The yogi-to-PVOLVE translation is fairly clean once you've seen a class. Sun salutations warm the spine and wake up the kinetic chain; PVOLVE's opening movement sequences do the same thing standing, using a resistance band and controlled lateral loading rather than a sequential vinyasa. For restorative practitioners specifically, PVOLVE functions as a complement rather than a replacement, filling the gap that purely passive floor work leaves in the hips, glutes, and stabilizing muscles of the lower leg.

The brand's clinical positioning gives it a concrete differentiator worth knowing. A study found that Pvolve practitioners saw a 19% increase in hip function and lower body strength, and a 21% increase in lower body flexibility, compared to a group following standard exercise guidelines. The PVOLVE Method is backed by a Clinical Advisory Board of expert physicians and highly credentialed trainers with expertise in human physiology and biomechanics.

The new locations reflect targeted market selection: Charlotte sits in one of the fastest-growing fitness corridors in the U.S., Lincoln Park adds density in an existing Chicago stronghold, and suburban Westchester County aligns with higher-income consumers already engaged in wellness spending. New members at opening studios qualify for an introductory offer, with specific pricing varying by franchise location.

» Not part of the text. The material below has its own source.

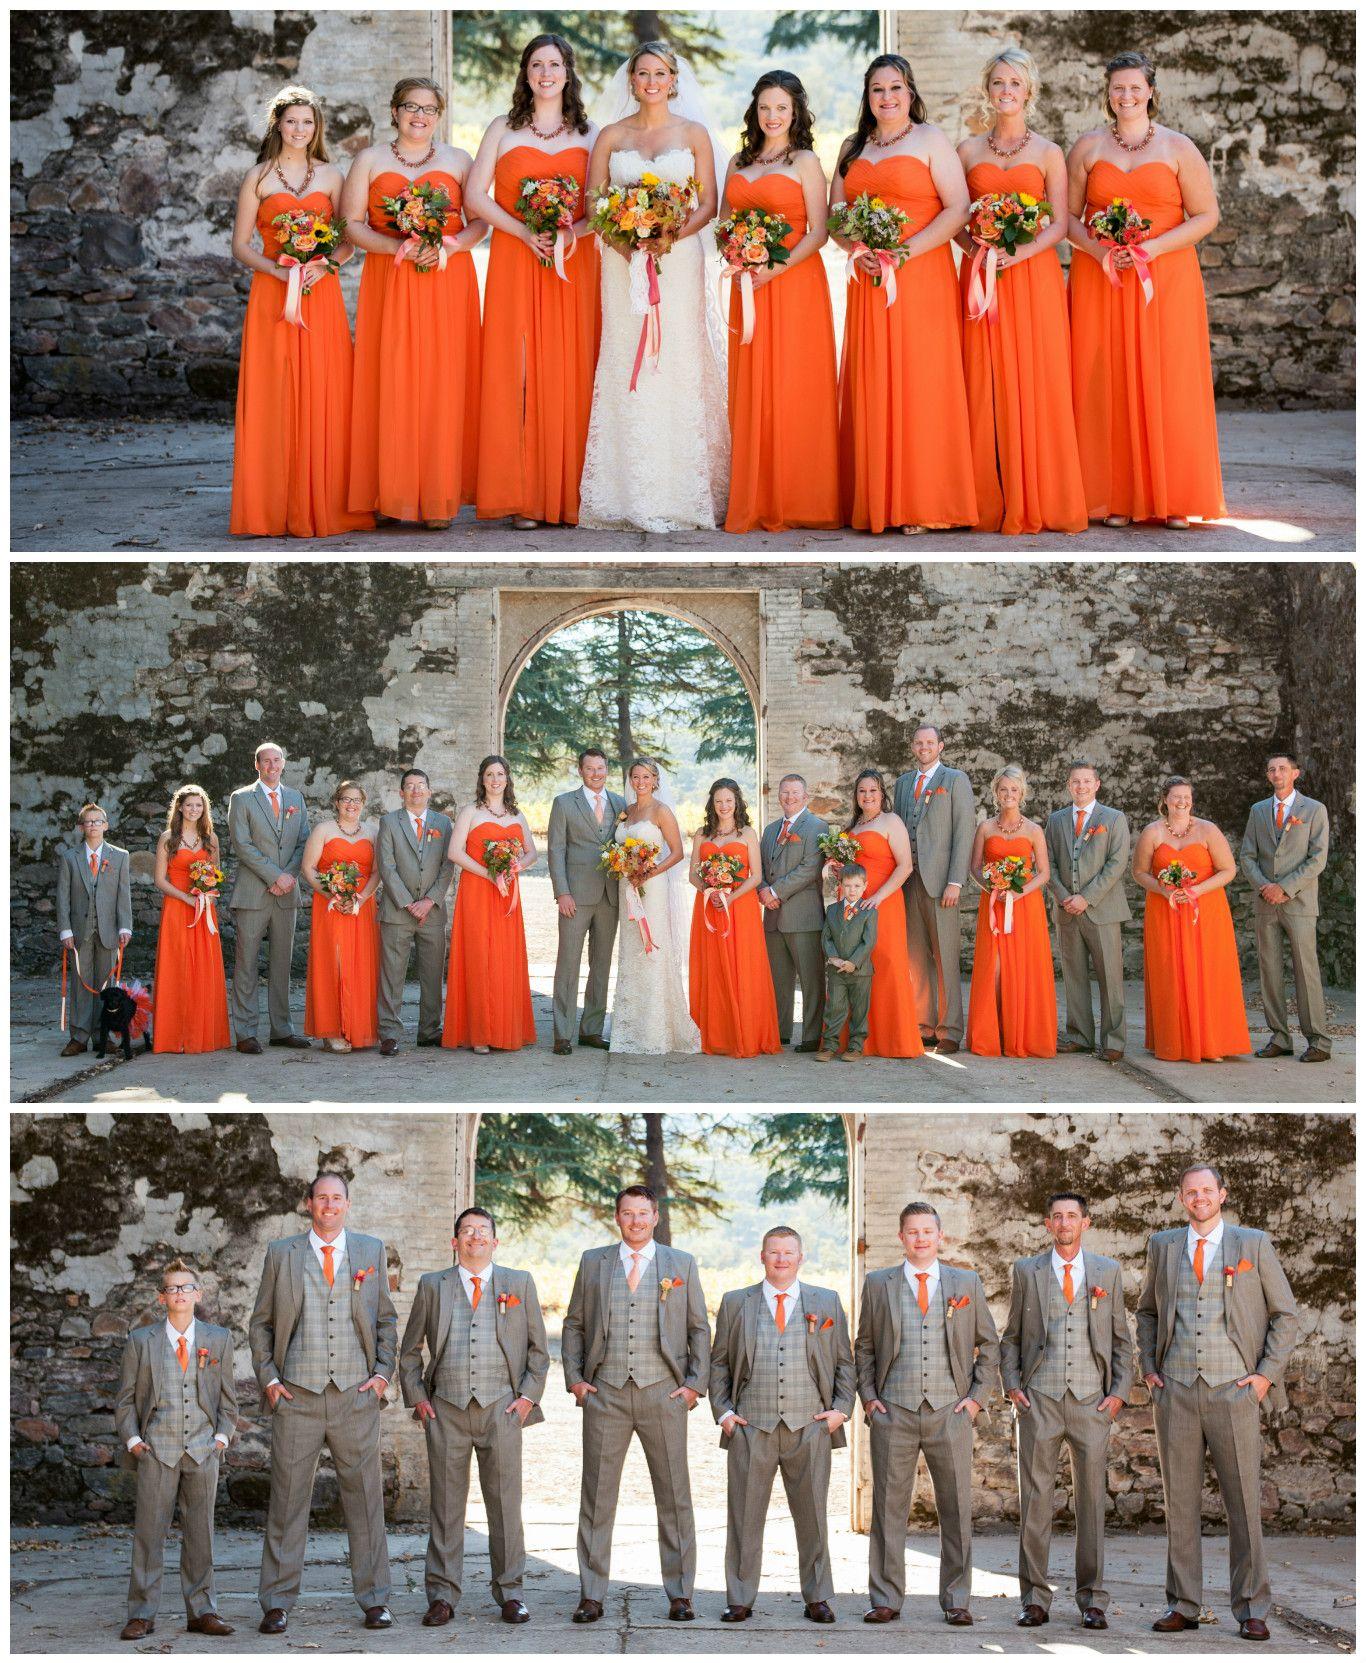 Orange bridesmaid dresses and gray groomsmen suits first look orange bridesmaid dresses and gray groomsmen suits first look pictures were taken in the wine ombrellifo Choice Image

PVOLVE's arrival in these six markets carries a clear signal for yoga studios operating nearby: consumers who want low-impact, longevity-focused movement are showing up in numbers large enough to sustain a national franchise rollout now totaling 38 locations. Programming that leads with teacher lineage, breath-centered philosophy, and restorative depth occupies different ground than any resistance-band circuit, however clinically validated. The overlap in clientele makes cross-disciplinary collaboration, shared wellness programming between studios, a more natural conversation than it might have been five years ago.